2-Ethylhexanol
Plasticizer Synthesis: 2-Ethylhexanol functions as an essential intermediate in the production of dioctyl phthalate (DOP), the predominant plasticizer employed in polyvinyl chloride (PVC) compound formulations.
Multifunctional Utility: The compound serves multiple industrial roles including solvent applications, particulate dispersion, foam suppression, and lubrication enhancement across various manufacturing processes.
Broad Industrial Implementation: Beyond plasticizer manufacturing, its applications extend to mineral processing operations, diesel fuel additives, corrosion inhibition systems, and surfactant production.
Stability and Handling: While demonstrating chemical stability in formulated products, the material requires appropriate safety measures during processing due to its combustible nature.
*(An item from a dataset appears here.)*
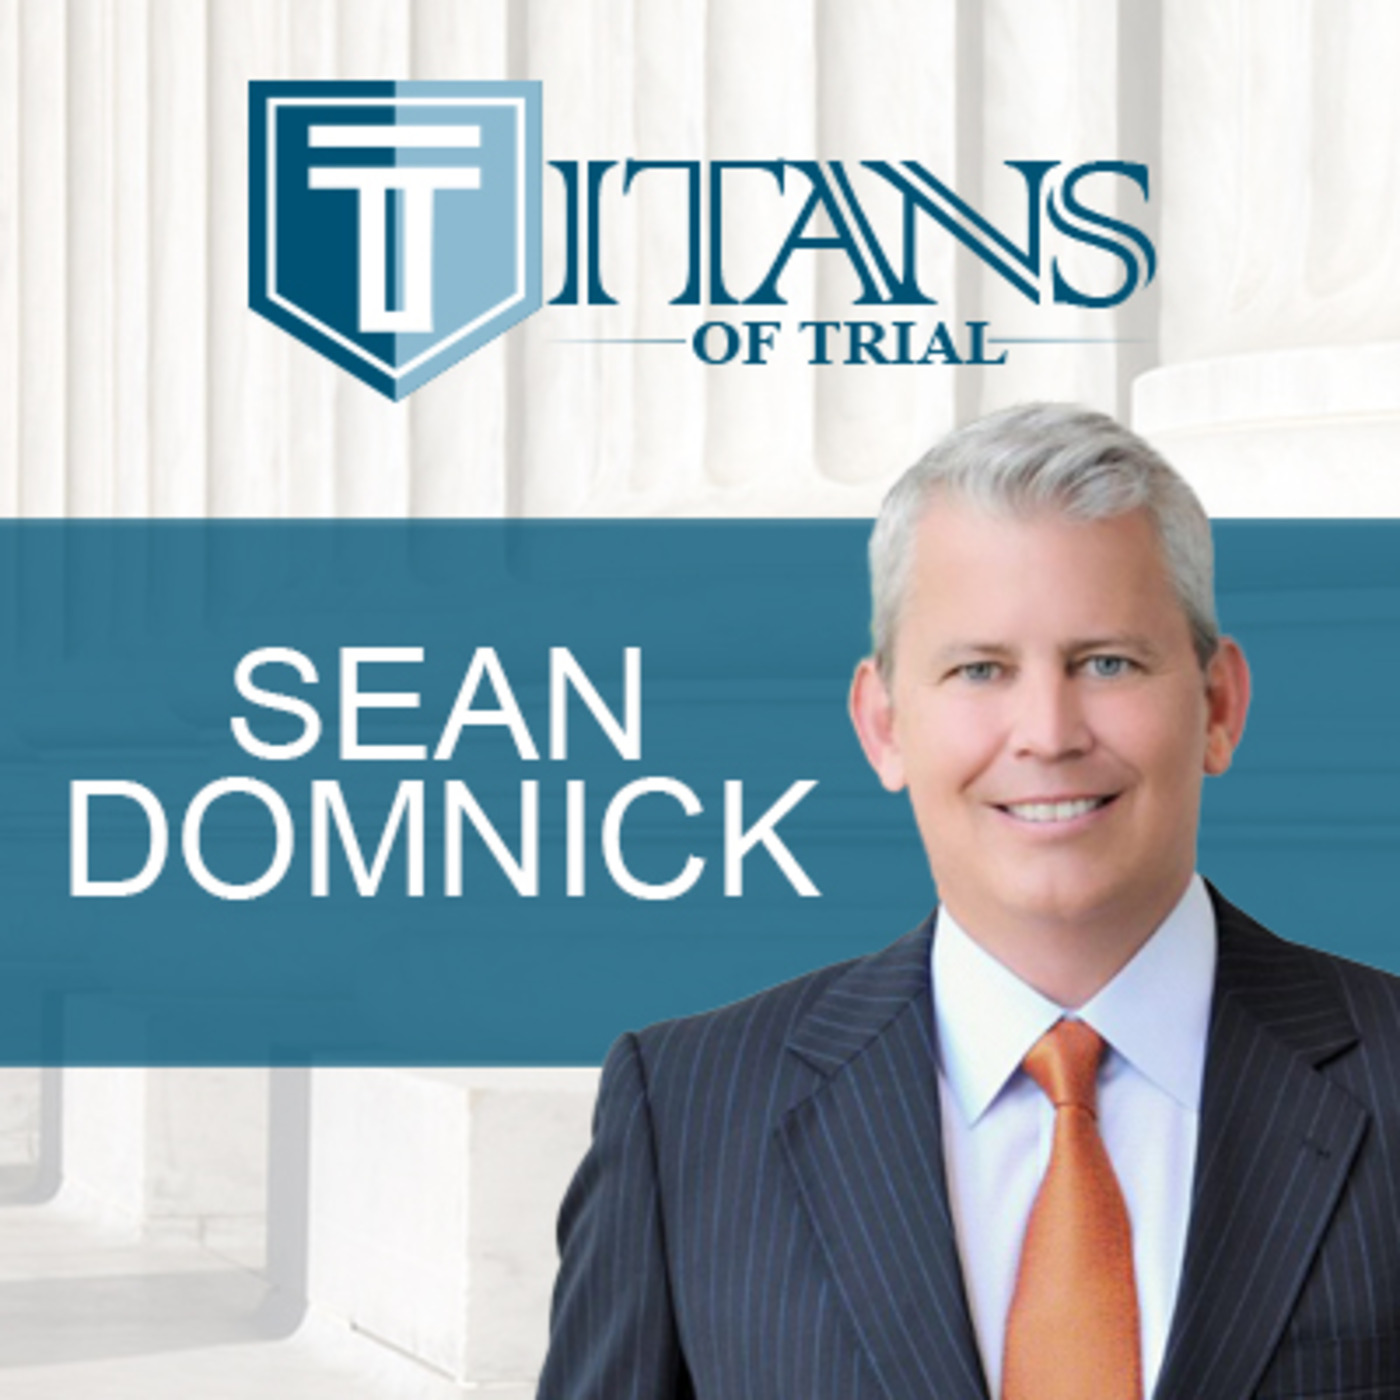 Titans of Trial – Sean Domnick

2-Ethylhexanol, frequently designated as octanol in industrial contexts, functions as a significant chemical intermediate. Beyond its principal role in plasticizer synthesis, this alcohol serves as a precursor for octyl acrylate production and exhibits surfactant properties. Its primary applications encompass the manufacturing of: dioctyl phthalate (DOP), dioctyl adipate (DOA), trioctyl trimellitate (TOTM) and related plasticizers; octyl acrylate monomers; surfactant compounds; lubricant additives for mineral oils; mining chemicals; diesel fuel improvers; solvent formulations; corrosion inhibitors; and various specialty chemical products.
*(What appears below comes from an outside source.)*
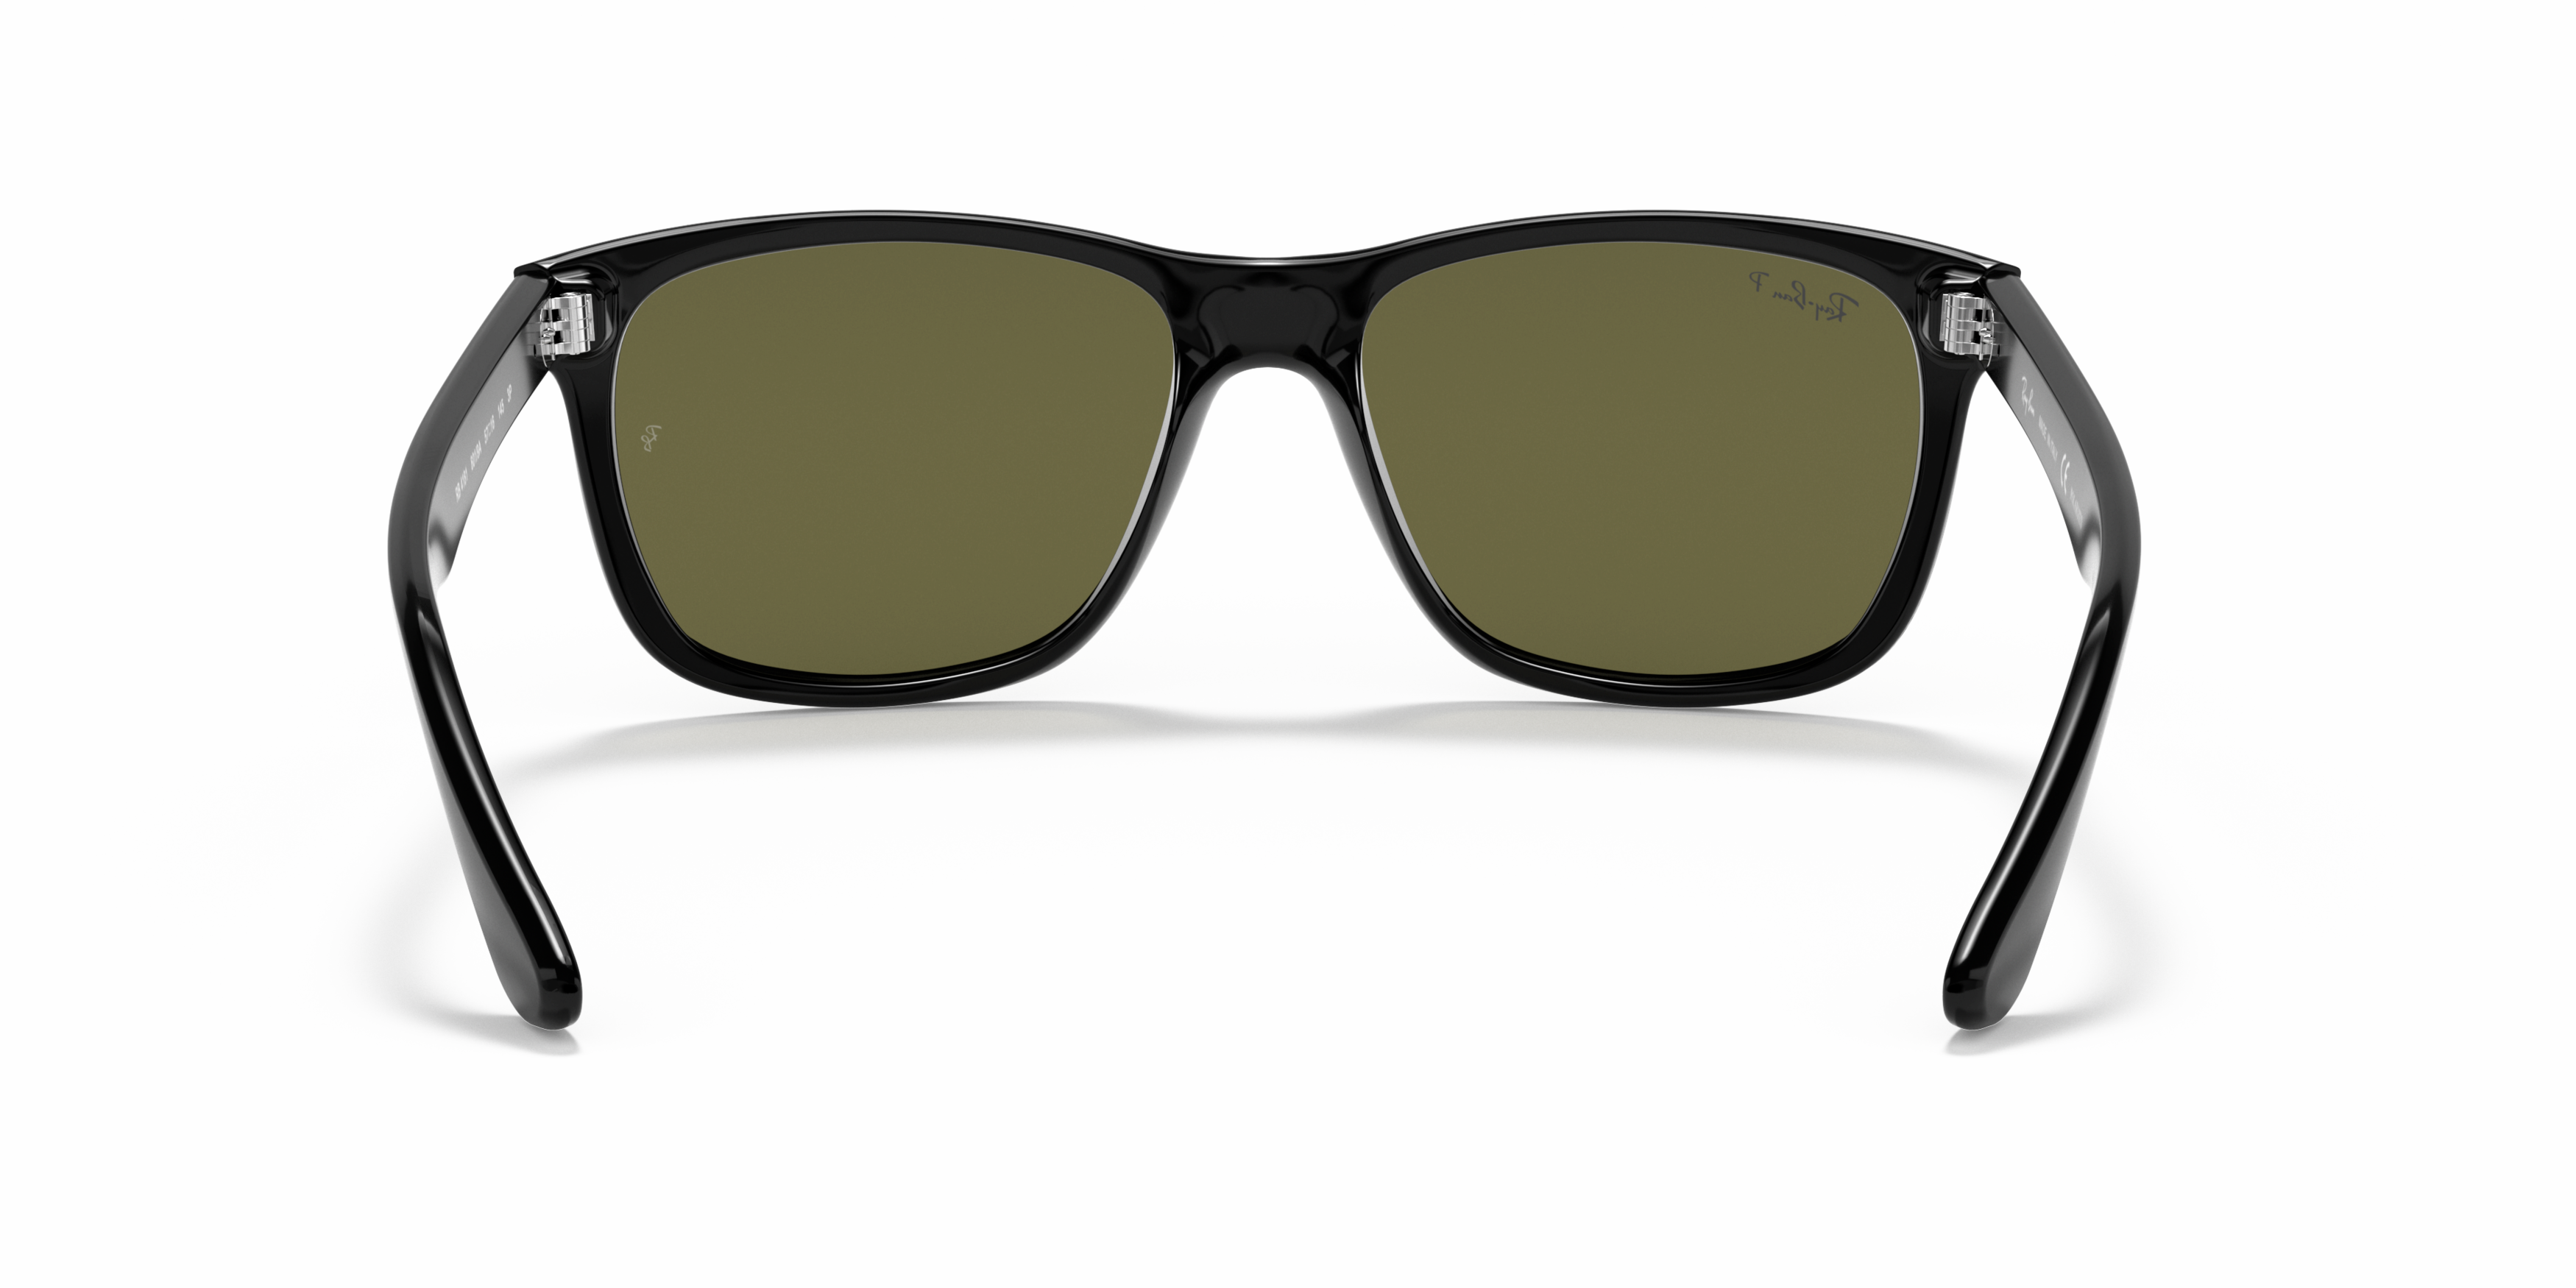 Detail02 Ray-Ban RB 4181 (601/9A) Sunglasses Green / Black

Melting point | −76 °C(lit.) |
Boiling point | 183-186 °C(lit.) |
density | 0.833 g/mL at 25 °C(lit.) |
vapor density | 4.49 (vs air) |
vapor pressure | 0.2 mm Hg ( 20 °C) |
refractive index | n20/D 1.431(lit.) |
FEMA | 3151 | 2-ETHYL-1-HEXANOL |
Fp | 171 °F |
storage temp. | Store below +30°C. |
solubility | Water |
form | Liquid |
pka | 15.05±0.10(Predicted) |
color | Clear |
PH | 7 (1g/l, H2O, 20℃) |
Odor | sweet. |
biological source | synthetic |
Odor Threshold | 0.013ppm |
Odor Type | citrus |
explosive limit | 0.88%, 104°F |
Water Solubility | 1 g/L (20 ºC) |
JECFA Number | 267 |
Merck | 14,3808 |
BRN | 1719280 |
Dielectric constant | 3.4(18℃) |
Stability: | Stable. Combustible. Incompatible with strong oxidizing agents, strong acids. |
InChIKey | YIWUKEYIRIRTPP-UHFFFAOYSA-N |
LogP | 2.9 at 25℃ |
CAS DataBase Reference | 104-76-7(CAS DataBase Reference) |
NIST Chemistry Reference | 1-Hexanol, 2-ethyl-(104-76-7) |
EPA Substance Registry System | 2-Ethylhexanol (104-76-7) |
Safety Information
Hazard Codes | Xn,Xi |
Risk Statements | 37/38-41-36-21-52/53-36/37/38-20 |
Safety Statements | 26-36/39-36/37/39-36-61 |
WGK Germany | 2 |
RTECS | MP0350000 |
Autoignition Temperature | 550 °F |
TSCA | Yes |
HS Code | 29051610 |
HS Code | 29339990 |
Hazardous Substances Data | 104-76-7(Hazardous Substances Data) |
Toxicity | LD50 orally in Rabbit: 3730 mg/kg LD50 dermal Rat > 3000 mg/kg |
Octanol serves as a functional industrial component with demonstrated efficacy as a solvent, foam suppression agent, dispersion aid, and lubricity modifier. Its principal derivatives encompass plasticizer compounds, notably dioctyl phthalate (DOP) and octyl acrylate monomers. DOP synthesized from octanol feedstock constitutes the primary plasticizer for polyvinyl chloride (PVC) formulations, with industry data indicating approximately 95% of global DOP production volume being allocated to PVC modification applications.